The second part without a shadow of a doubt, is you do need to run ads to your webinar, Facebook ads, Instagram ads, we've been playing with Google Ads recently as well, which has done quite well. But you have to have a strategy for that because you want traffic coming in.

And people love things that are free. If it's a free masterclass or a free webinar, as long as it's hitting on a topic that resonates. It's all about finding what it is. That is the pain point of your audience, which is exactly the same for you know, any lead magnet that you create in a webinar is the lead magnet.

So when it comes to understanding what that topic might be, then one of the best places to start is in your FAQs. What are the frequently asked questions that you get?

Look in your inbox and do a mind sweep of that inbox and see what are the questions you're getting from clients or potential clients all of the time? What do people ask you on in your Facebook group? You know what other people in a similar field to you? What are their audience asking them?

It's those topics that come up time and time again. Because you want to make sure that whatever it is that you're doing a webinar or a masterclass on that your audience are going to completely 100% want to attend it, because that is something that they're stuck on, it's something that they're willing to give up an hour of their time for.

So once you've done that, the other thing you need to remember with any type of webinar is only ever tried to solve one problem. Don't try to solve five problems on a webinar, because you will lose people.

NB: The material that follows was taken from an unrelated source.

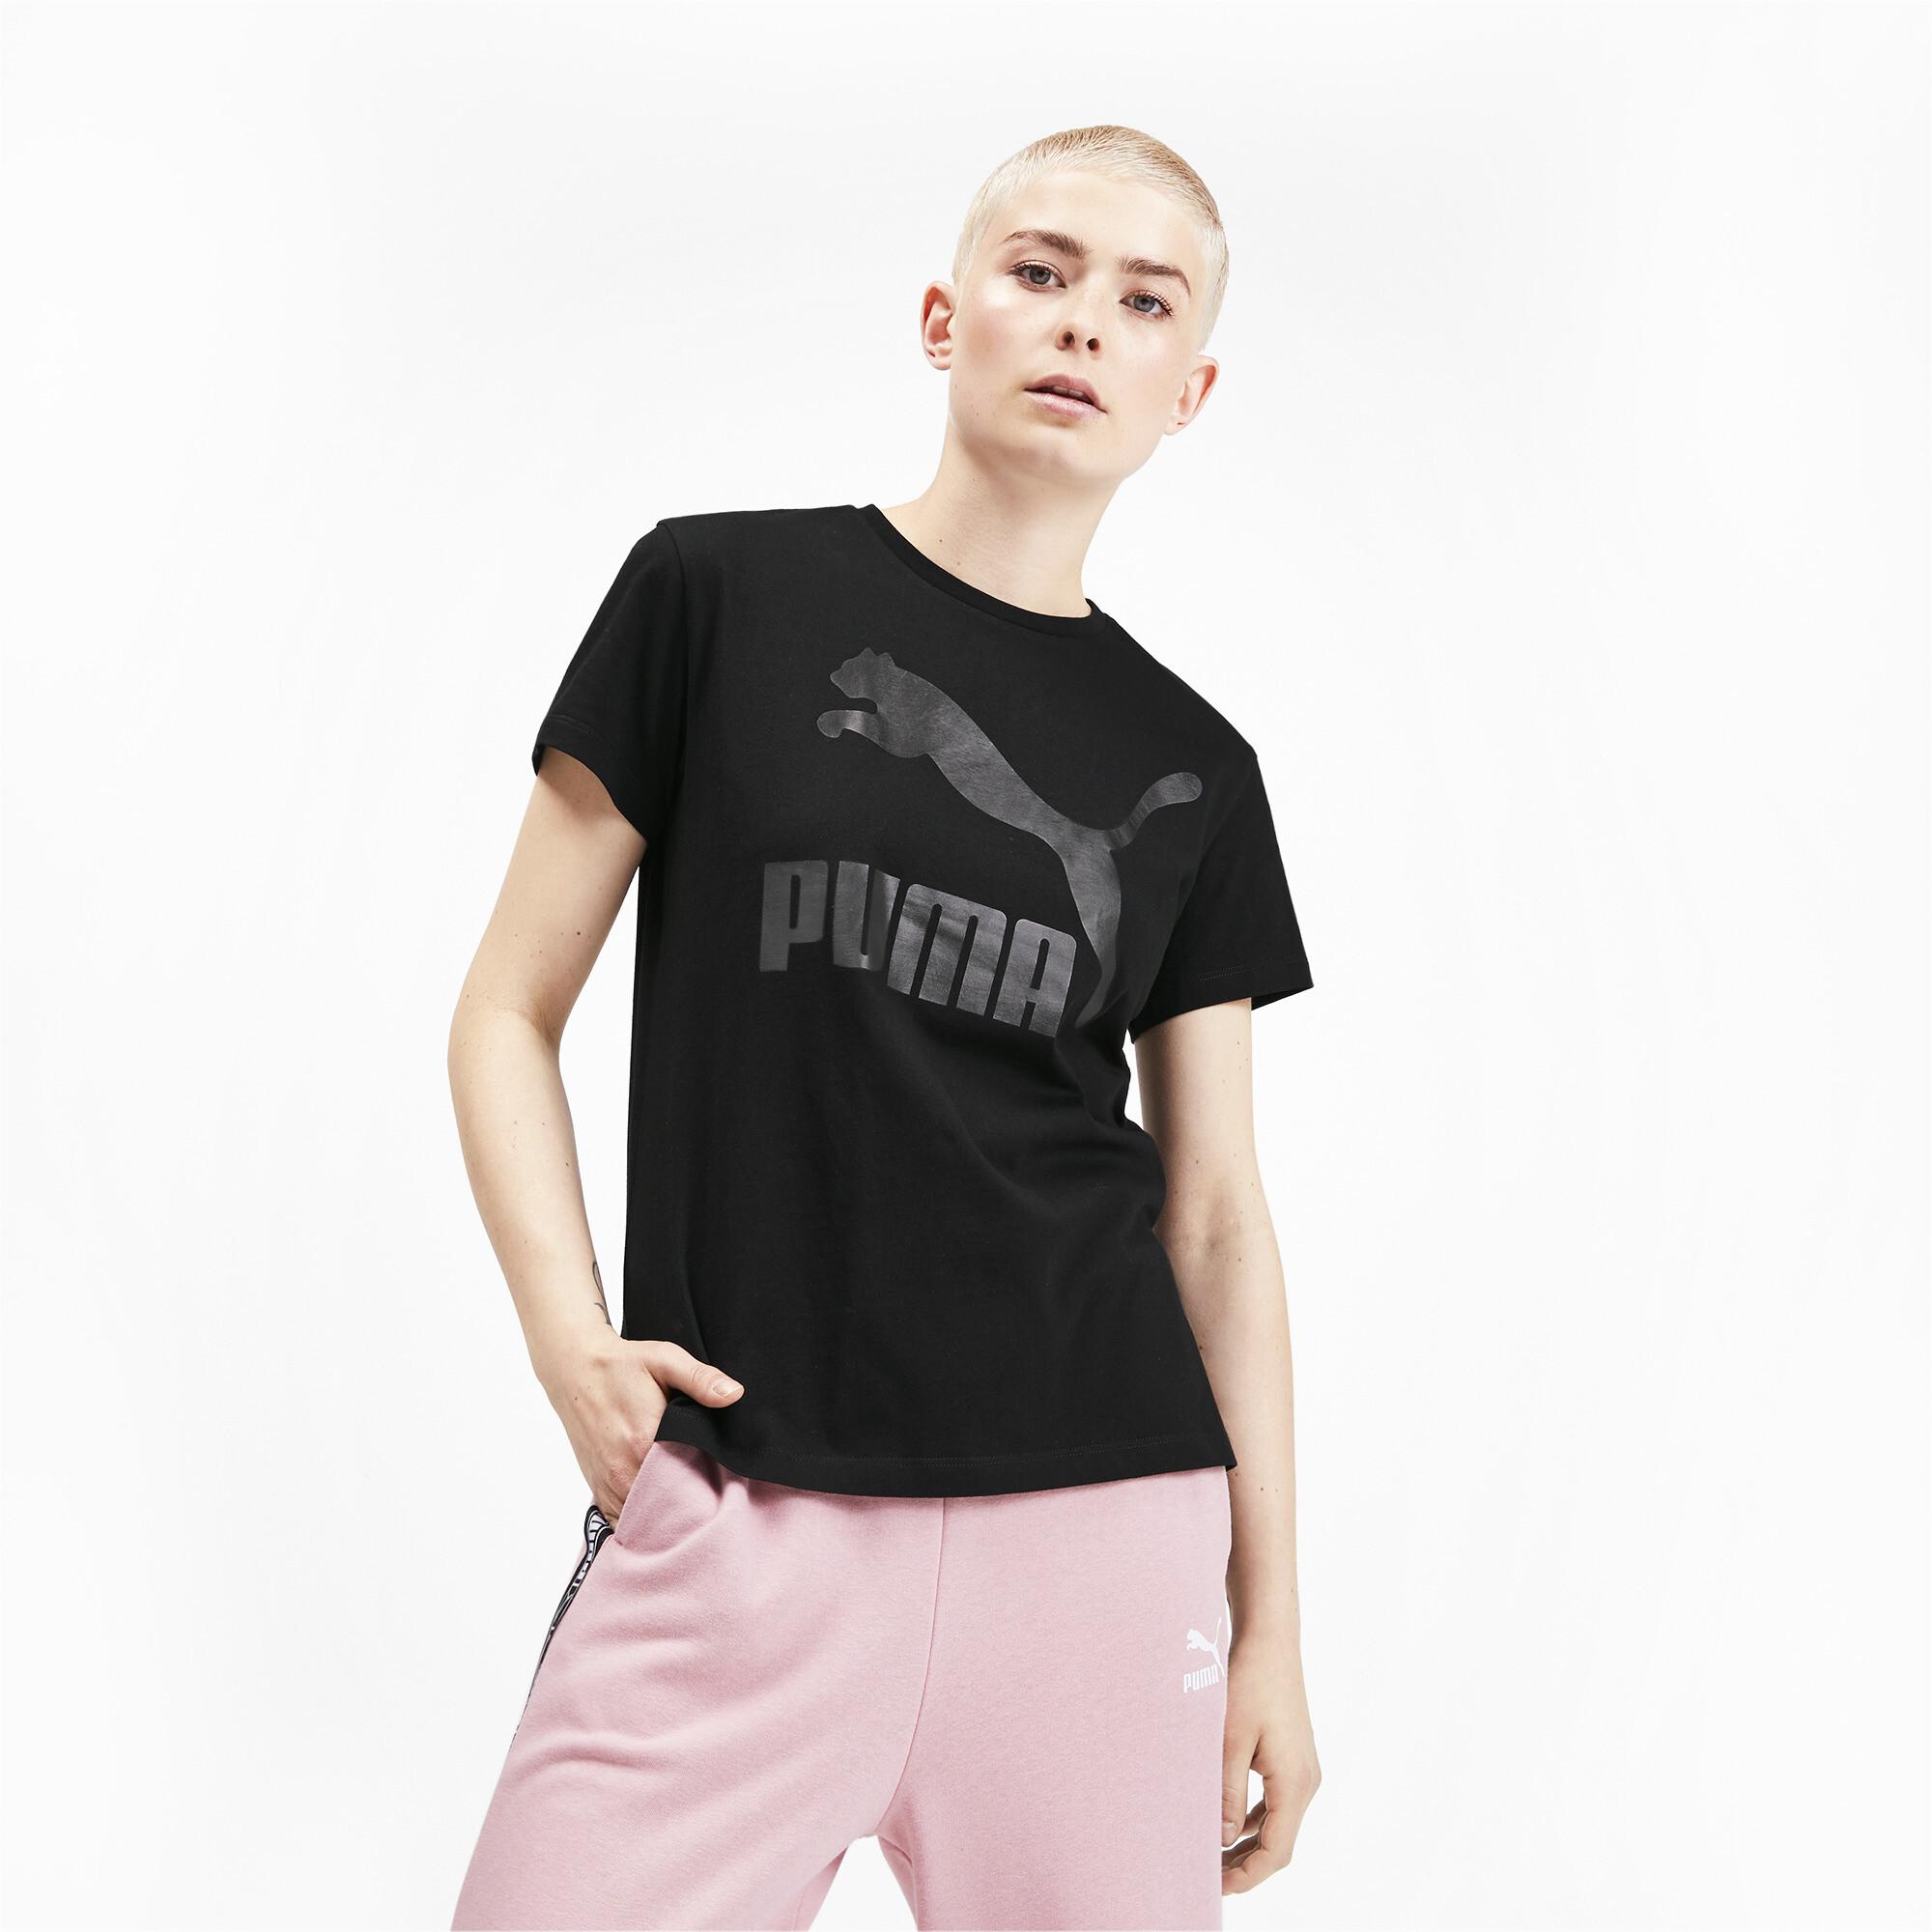 PUMA-Classics-Women-039-s-Logo-Tee-Women-Tee-Sport-Classics thumbnail 5

You don't need to fix the world with your webinar, you just need to provide value on one thing that gives them a quick win at the end of that webinar. So you asked me about the structure of a webinar.

I generally break my webinars down into three parts. So my first part is the intro. Who am I? Why should they listen to me? And what are they going to get out of this? So that's always the first part of my webinar.

And I try to make it as interactive as possible. So during this part of the webinar, I would ask between one to two questions to get them using that chat box to get them interacting with me.

And it's quite inspirational at this point as well, because you want them to feel like they're part of something amazing, then the second part of your webinar is the meat. It's the content, it's the value, it's the bit where people are just absolutely zoned in on what you're talking about, and they can't get enough of it.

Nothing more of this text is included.